A new report has revealed around 2.4 million or almost one third of Australian workers are missing out on some or all of their super entitlements and little is being done about it.

Under the Superannuation Guarantee (SG) employers must contribute 9.5 per cent into the super account of every worker over the age of 18 earning $450 a month.

But, according to data from the Australian Taxation Office and Australian Bureau of Statistics, many Australian employers are dodging compulsory superannuation payments to the tune of $3.6 billion a year (2013-2014). This equates to $1,489 or close to four months of super for the average worker affected.

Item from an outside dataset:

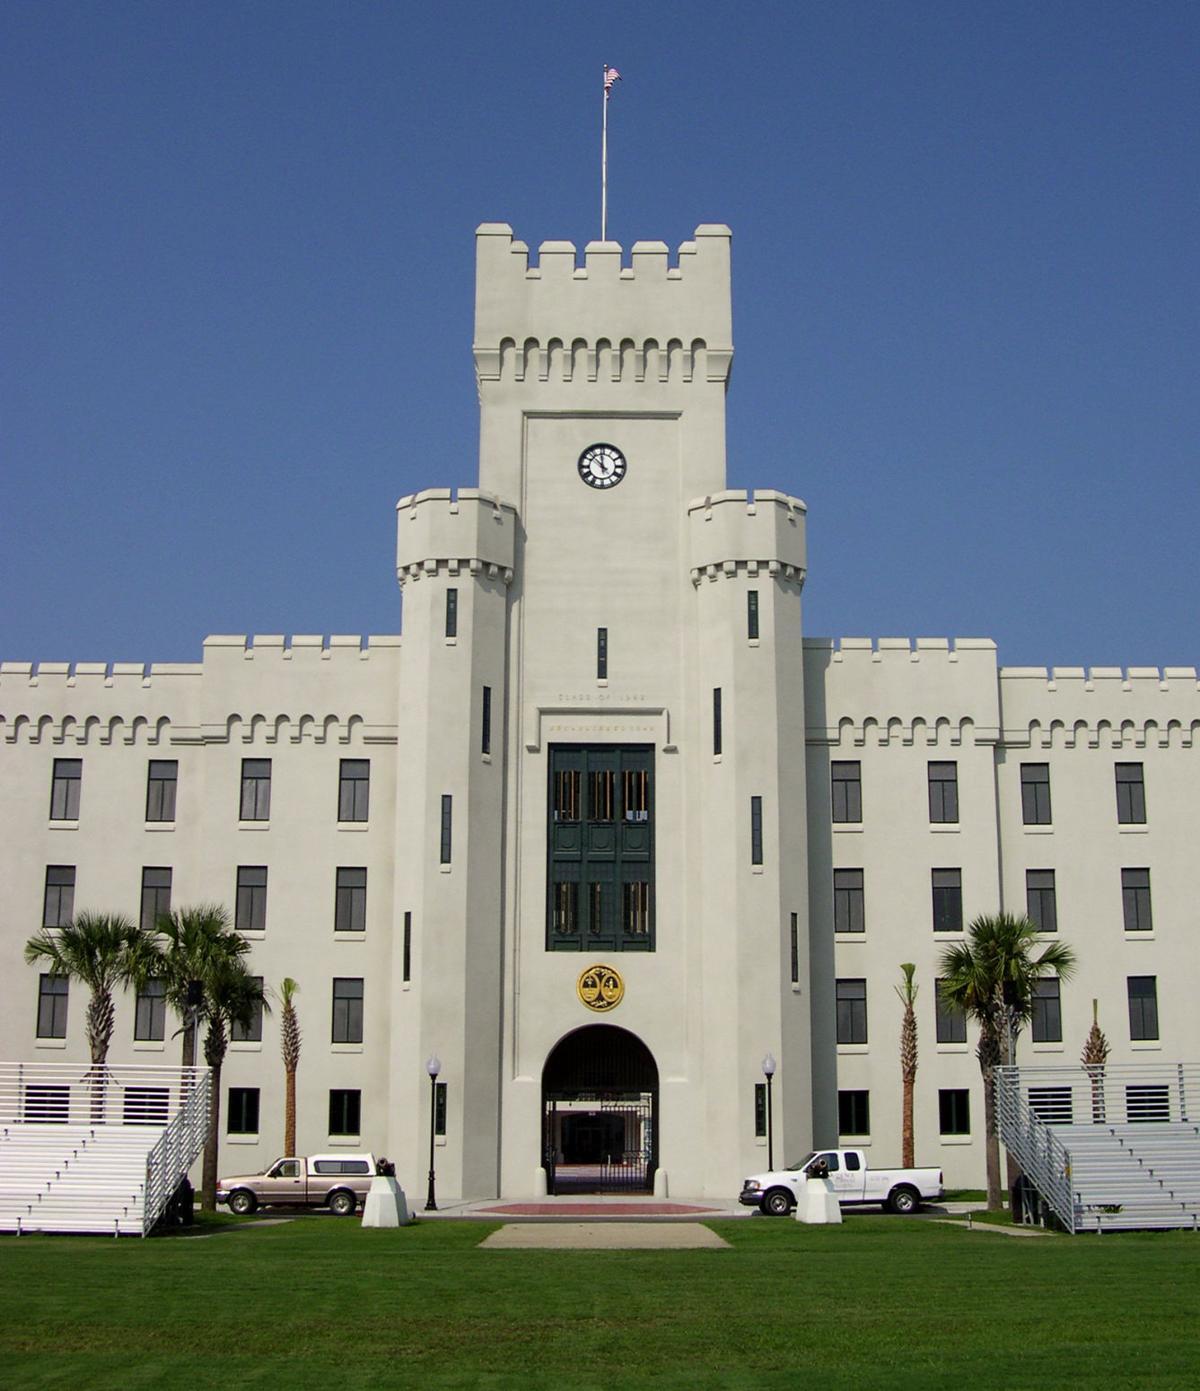 The Citadel Padgett-Thomas Barracks

Small and medium-sized businesses were found to be least likely to pay SG and workers under the age of 30 were more likely to miss out; 37 per cent of 20-24 year-olds compared to 23 per cent of 50-54 year-olds.

Currently, employers have up to four months to pay SG. SG payments must be made to complying funds or retirement savings accounts (RSAs) by the quarterly due dates, which are 28 days after the end of each quarter.

Employers who don’t pay the minimum amount of SG for their employee into the correct fund by the due date, may have to pay the super guarantee charge (SGC).

The SGC is made up of: SG shortfall amounts calculated on the employee’s salary or wages; interest on those amounts (currently 10 per cent) and an administration fee ($20 per employee, per quarter).

Employers who fail to meet their SG obligations may also be liable for a range of penalties or charges on top of the super guarantee charge.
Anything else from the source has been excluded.